Palin possesses several strengths as a potential candidate. She has demonstrated her ability to pack fundraisers, draw enormous crowds to campaign rallies, and relate to voters on a personal level. For example, she drew an estimated 30,000 to 60,000 individuals to a rally in The Villages, Florida and her PAC raised over 3 million dollars in 2010, mostly from individual contributions. Her populist style of politics has turned her into a celebrity of sorts. She has authored two books and starred in a documentary series about her adventures in the Alaskan outdoors.
Unlike Mitt Romeny, Palin has a strong following among social conservatives and members of the Tea Party. Another major advantage for Palin is her use of social media. Her ability to use “free” media allows her to spend less on paid advertising.

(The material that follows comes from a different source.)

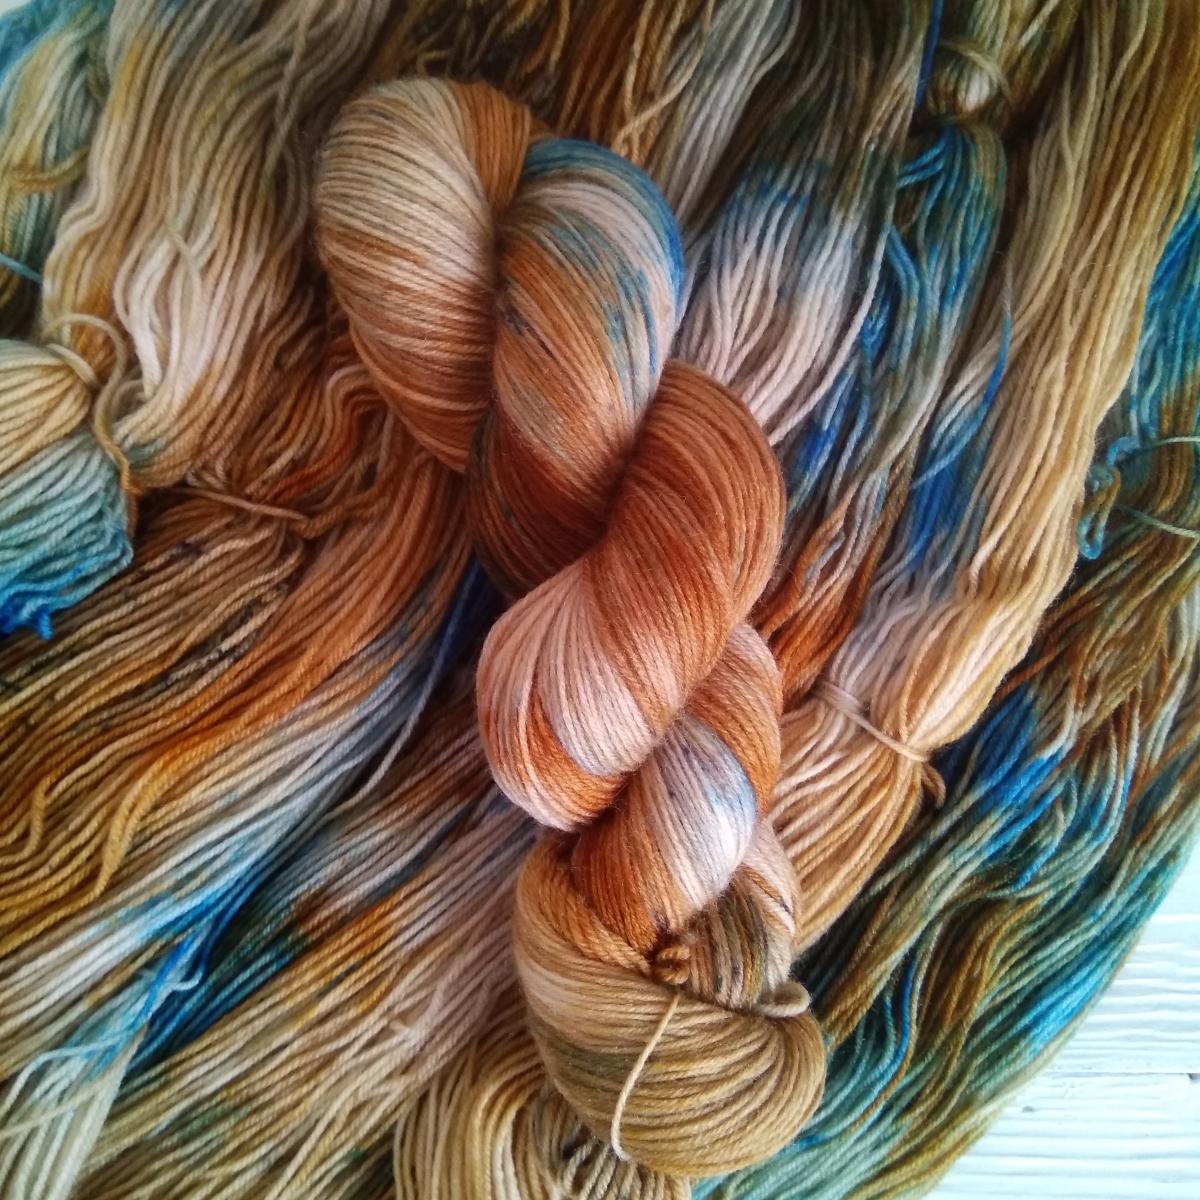 woodico.pro hand dyed yarn 036 3 1200x1200 - Hand dyed yarn / 036

An organized campaign structure and electability concerns are perhaps Palin’s biggest disadvantages. In head to head matchups with the president, Palin currently lags. Republicans, even those who support her, are concerned with her ability to win a general election. However, breaking down the numbers could help ease those concerns.
Analysis of polling data provides a candidate’s “floor," or the minimum percentage of the vote they can expect to receive against any opponent. According to an analysis of polling, Obama’s “floor” is 43% and Palin’s is 39% (Obama +4). A “floor” determines a candidate’s solid support and eliminates volatile support that can be changed by acquiring information. Likely, things could not get worse for Palin; she has arguably received more negative media coverage than any other political figure. Voters will have the opportunity to acquire information if Palin is given the opportunity to speak during debates, through advertising and speeches.
Perhaps her greatest challenge will be overcoming the perception that she lacks substance on policy issues. She has begun taking recent steps to increase her policy credentials including a recent trip to India and Israel.
Similar to the early political career of President Ronald Reagan, Palin has been portrayed as lacking the knowledge and credentials to be president of the United States. Her challenge will be to prove them wrong. Is she up to the challenge? Time will tell, but the self-described “hockey mom” continues to surprise. I am still not convinced she will run, but do not count her out for 2012. She thrives on being the underdog. I do know she will be a powerful influence moving forward.